The signs are that it will do nothing of the sort. Instead it is likely to be little more than a cosmetic exercise, designed to look good without doing too much to disturb the status quo, in which pension fund trustees and managers tell their members no more than they think is good for them.

That, of course, was precisely the reason the Mirror scandal could happen: hundreds of millions of pounds were diverted from their intended purpose because most people were kept in the dark.

Last September, Professor Roy Goode's Pension Law Review Committee published a report that recommended ways to plug some loopholes, such as ordering a proportion of trustee places to be subject to election by the membership at large.

But the White Paper may not go that far, and pension experts still chant the mantra that 'nothing can prevent a determined fraudster if he is determined enough'. True, but life can be made as hard as possible for the villain.

As it is, the Government seems to have been too inclined to listen to industry warnings that employers might refuse to run pension schemes if they are made too expensive.

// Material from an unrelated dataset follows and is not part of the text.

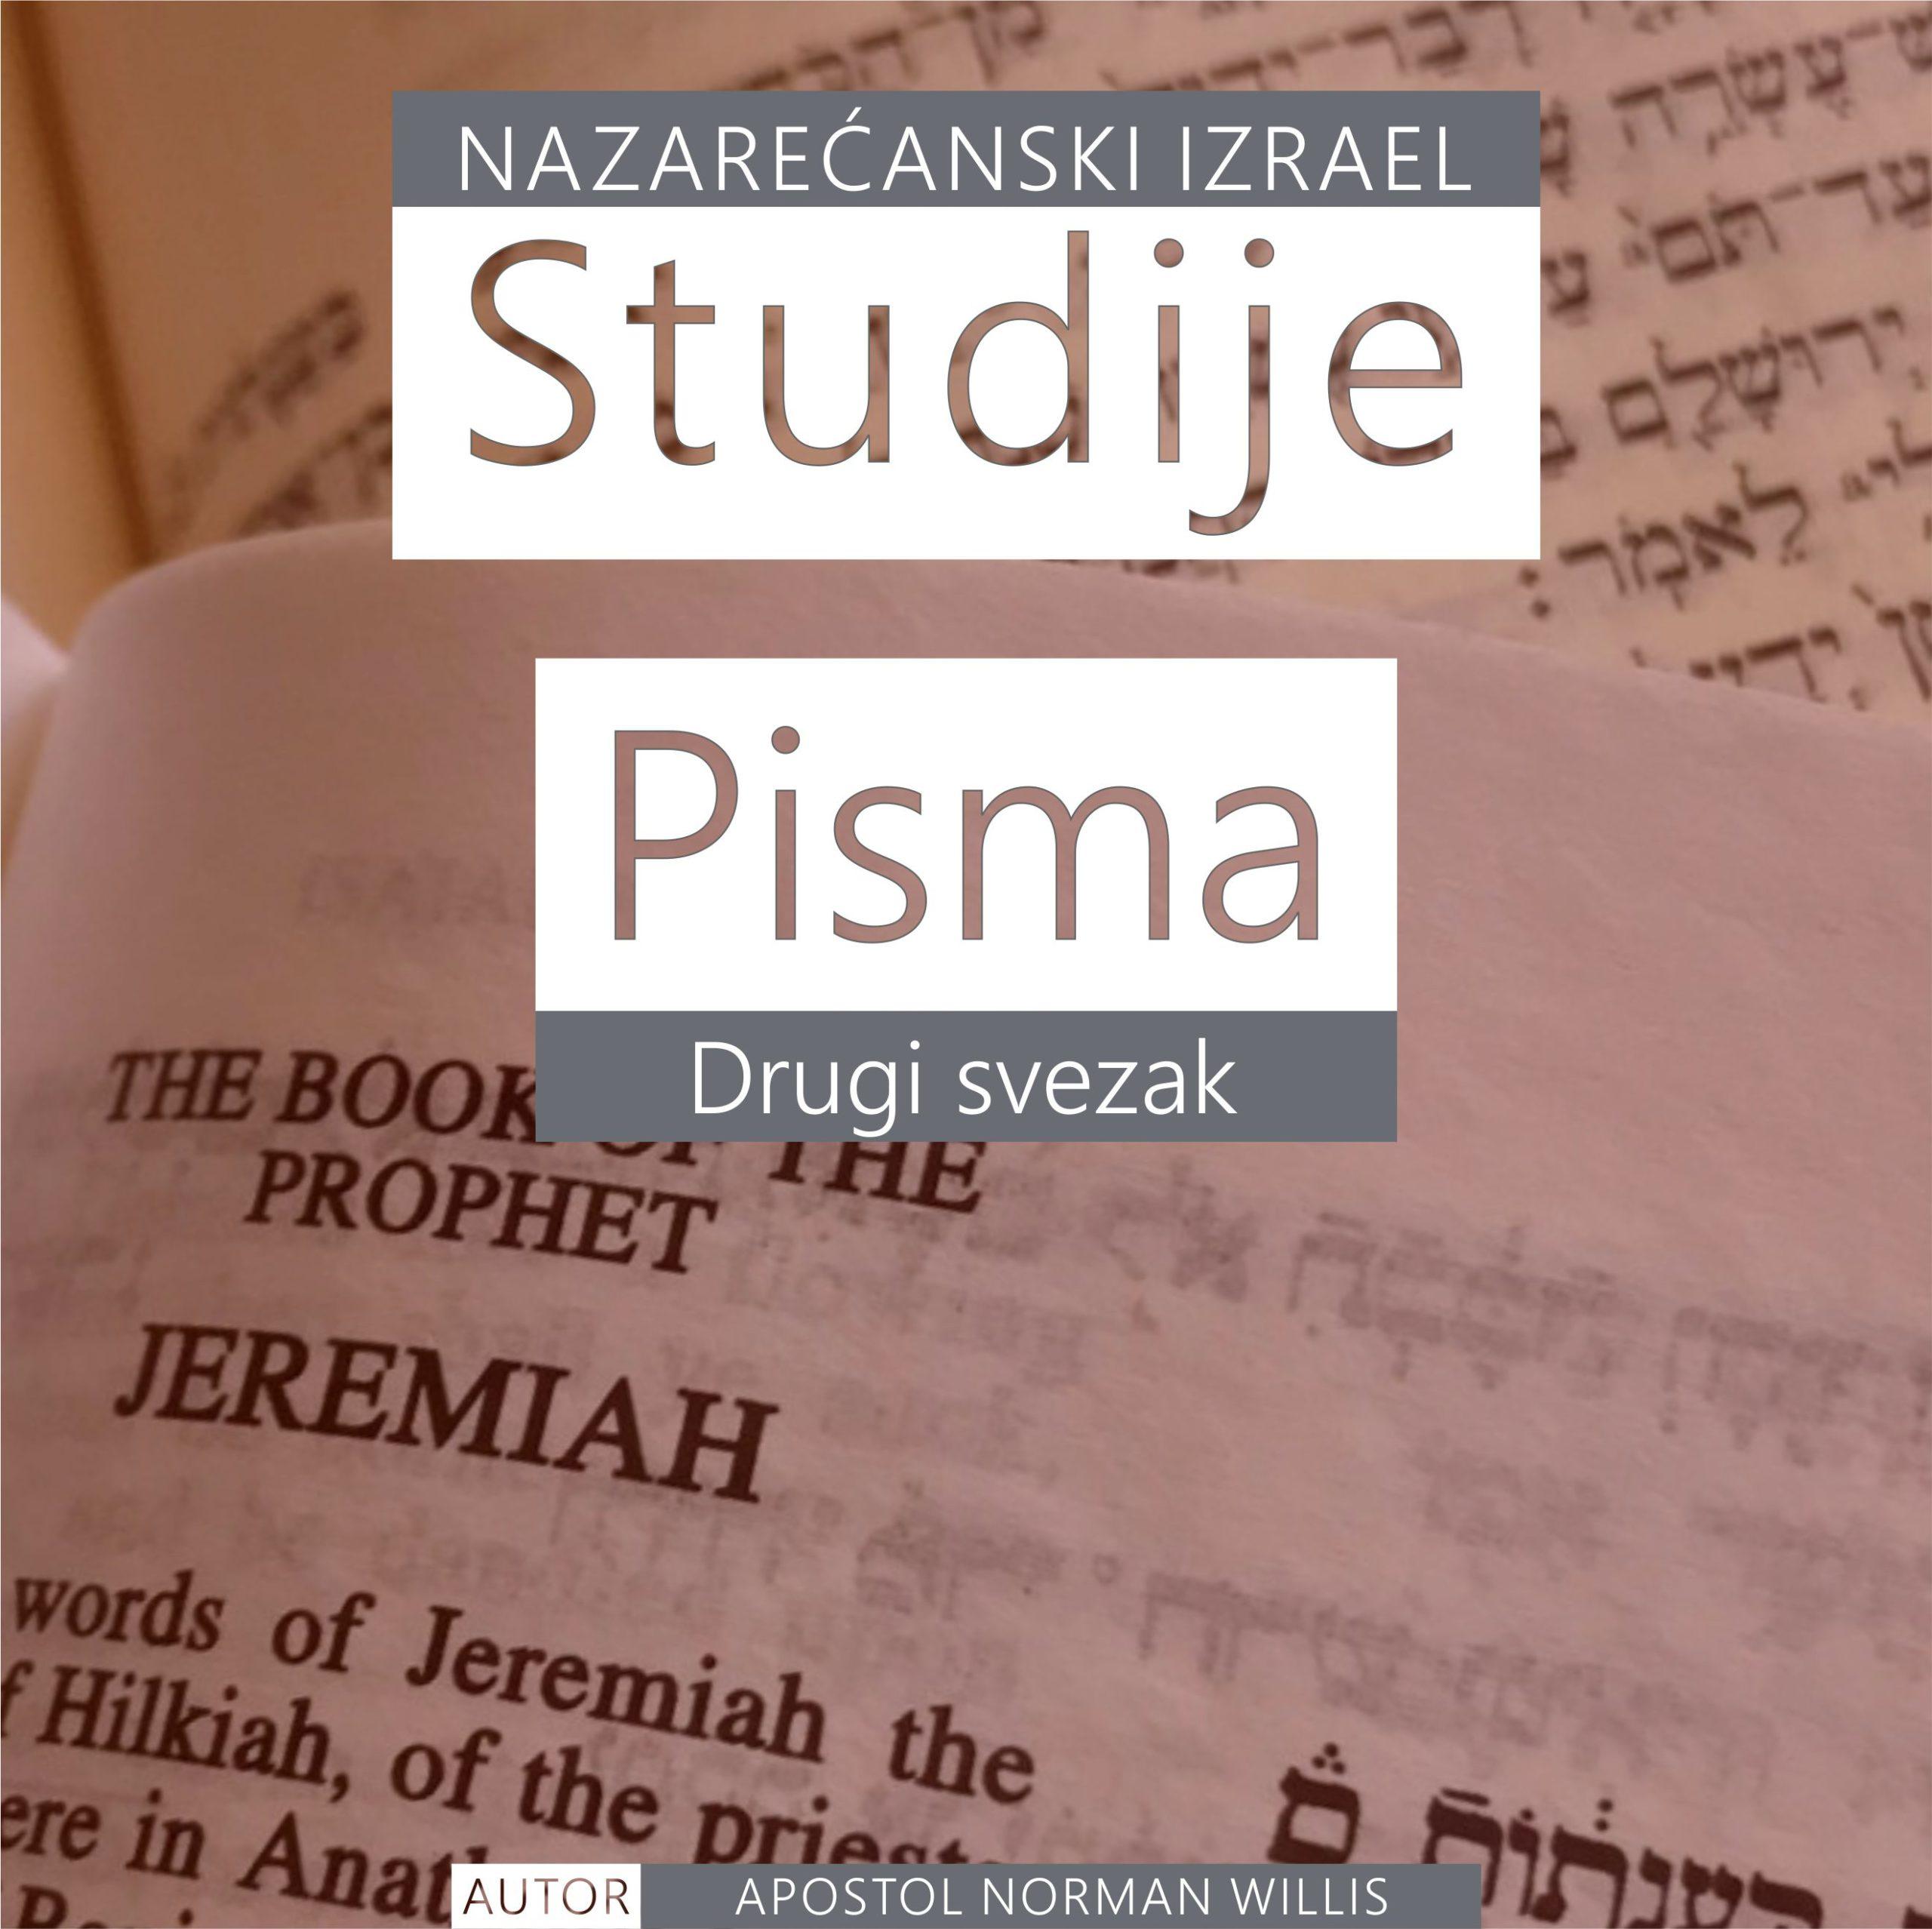 Nazarećanske Studije Pisma: Drugi svezak

And they are scared witless by the regulatory burden that has been dumped on the securities industry.

That is why Professor Goode's call for a pensions regulator is expected to be ignored. Instead, the White Paper will try to impose self-regulation, obliging professional advisers to blow the whistle if they smell misbehaviour.

The trouble with that is that no advisers - be they fund managers, actuaries, lawyers or accountants - want to anger a possibly innocent client. And even if the client turns out to have offended, the advisers do not want to get a name for whistle-blowing. That might turn off potential clients. Certainly, few company auditors warn shareholders of directors' misconduct.

Transparency and muscle are needed - transparency so pension fund members can see what's going on, and muscle to do something about it.

There is nothing to stop members being told annually what their individual contributions are worth, with a provisional calculation of how that should translate into a weekly pension at various retirement ages. The life insurance industry already does this, and many of the same companies manage life policies as handle pension funds. And for good measure, it could become mandatory to publish the list of securities the fund was invested in, so everyone concerned could have a good root around.

At this point, the nanny cry goes up that contributors might not 'understand' what was happening if the value of their contributions fell one year after a stock market slump, particularly if their pensions are to be worked out on the basis of final salary.

Sure, people would ask awkward questions. They are likely to be downright suspicious for some years, after the Mirror pensioners' tragedy. That might mean fund managers having to repeat some pretty basic answers, until uneducated laymen get complex arguments into their skulls. Why not? It's their money, after all.

And if they aren't happy, they should have the power to vote through change. At present, pension contributors are little more than passive customers of the trustees and managers. It is time that they were put in charge of their financial destiny.